There was the dream of being yanked out of an ice house and into someone’s arms, a woman’s arms, not Mama’s, but someone else’s. And when she opened her eyes, just once, she saw that she was in Mother Pedersen’s arms, but that couldn’t be possible, because, well—that just couldn’t be possible. And then Mother Pedersen was crying and saying she was sorry, but that, too, could not be. Then the nightmare of fire licking at her hands, devouring them in its fierce, gaping mouth, and she cried and screamed, and maybe someone held her down because she wanted to get up and stab that flaming monster in the eyes, but she couldn’t because she couldn’t move her arms.

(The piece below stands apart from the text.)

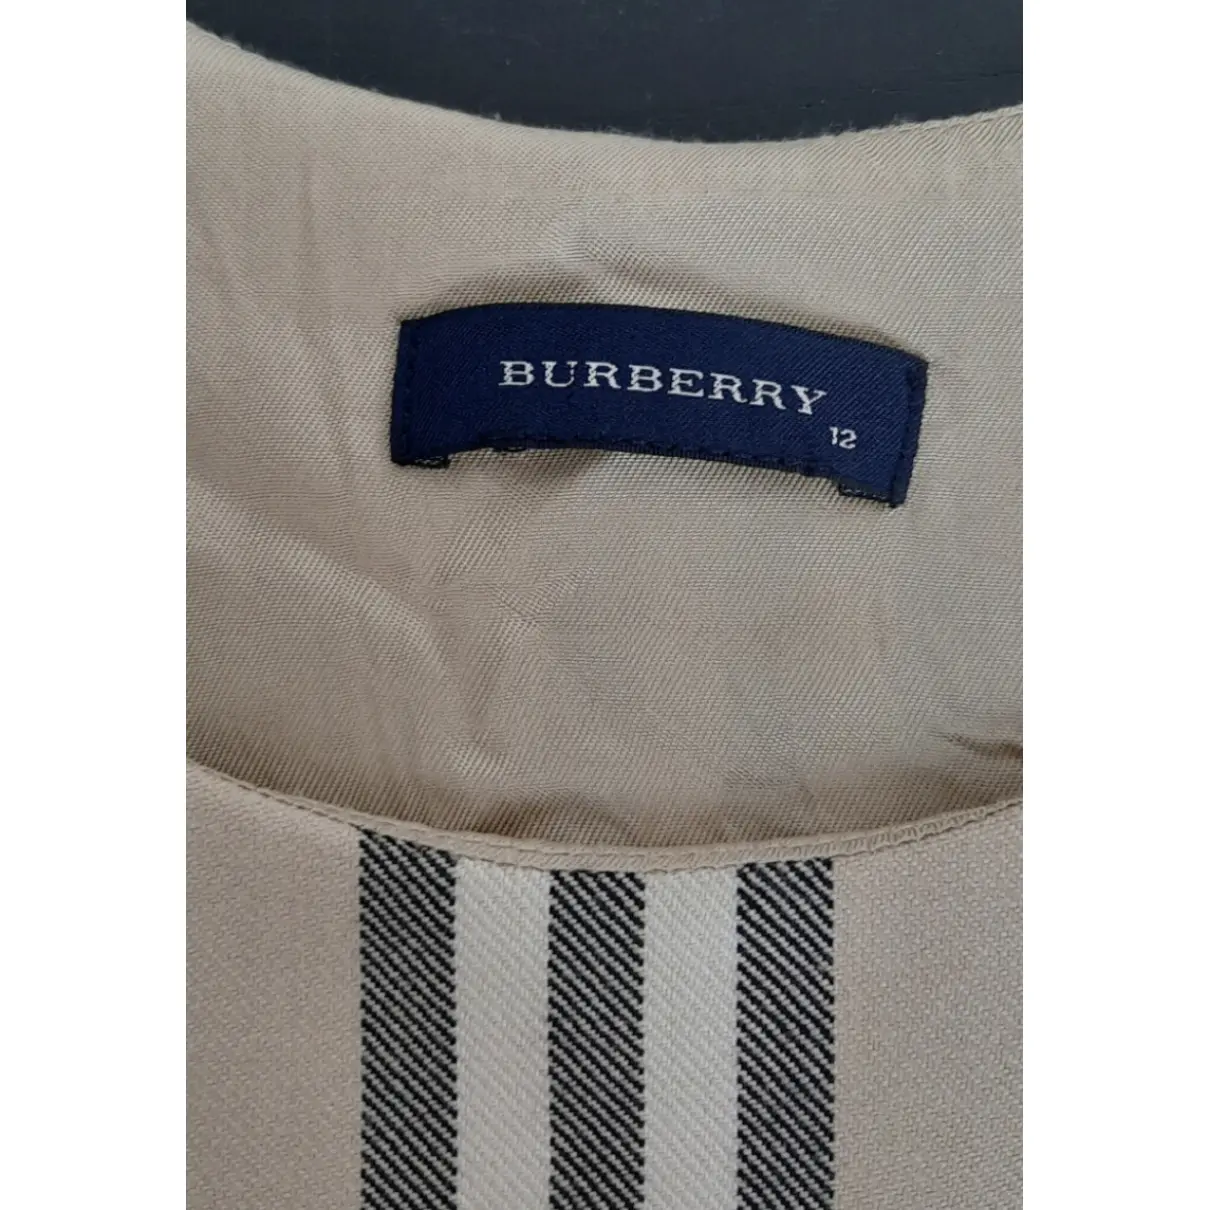 Buy Burberry Wool dress online
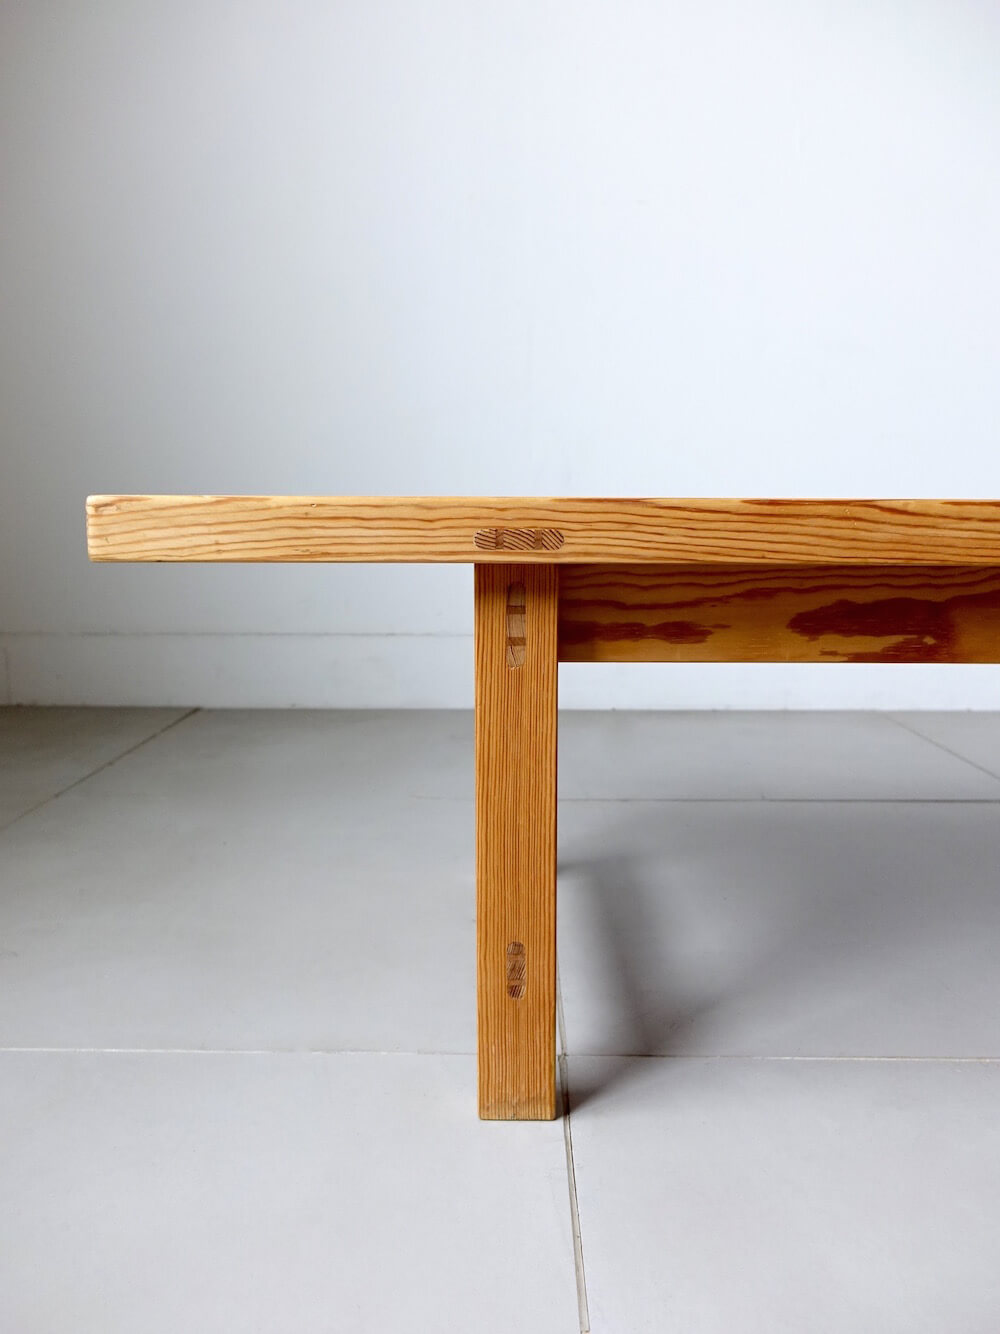 Slat Bench Table by Hugo Svensson for Bjärnums Möbelfabriker

Another bout of dreams and fantasies—past, present, future, she had no idea: Fredrik taunting her, telling her to get up, she was a baby, just a girl, a stupid girl, why didn’t she get up and go with him? A recurring sensation of falling from a ledge up in the sky into the very earth itself, the soil rising up to catch her was soft as a feather bed. She fell deep into it, afraid that it would hurt when she finally landed, but she never did, she just kept tumbling down in its pillowy embrace. Teacher calling her name over and over, sternly, like Anette had done something bad. And her slate! Her pail! Where were they? She patted her chest, felt for the slate—hadn’t she wrapped her shawl over it?
Mrs. Halvorsan, Tor Halvorsan, they knocked at the door of her turbulent mind, they cried Fredrik’s name, they gazed at her and put something in her arms, they cried again, they left, they came back. They were only notions, not real people, of course. Real people did not come to see her, did not treat her kindly. Except for Fredrik, who kept running in and out of her dreams like he did when they played tag together; he’d dart around the corner of the schoolhouse, then reappear behind her like a demon. She’d laugh and dash away from his outstretched hand, and he’d call her name. He called her name now. His was the voice she heard the most, rising above all the others she might have recognized and might not have, but it seemed there was a babbling stew of praying, crying, talking all around her, never letting her sleep as she longed to.
Then they stopped. The dreams. The voices were silenced, too, and that’s when she knew that the voices hadn’t really been in her dreams, they had been real people, talking. But it was quiet now. And she thought that she had died. For wasn’t that what death was, the silencing of all things?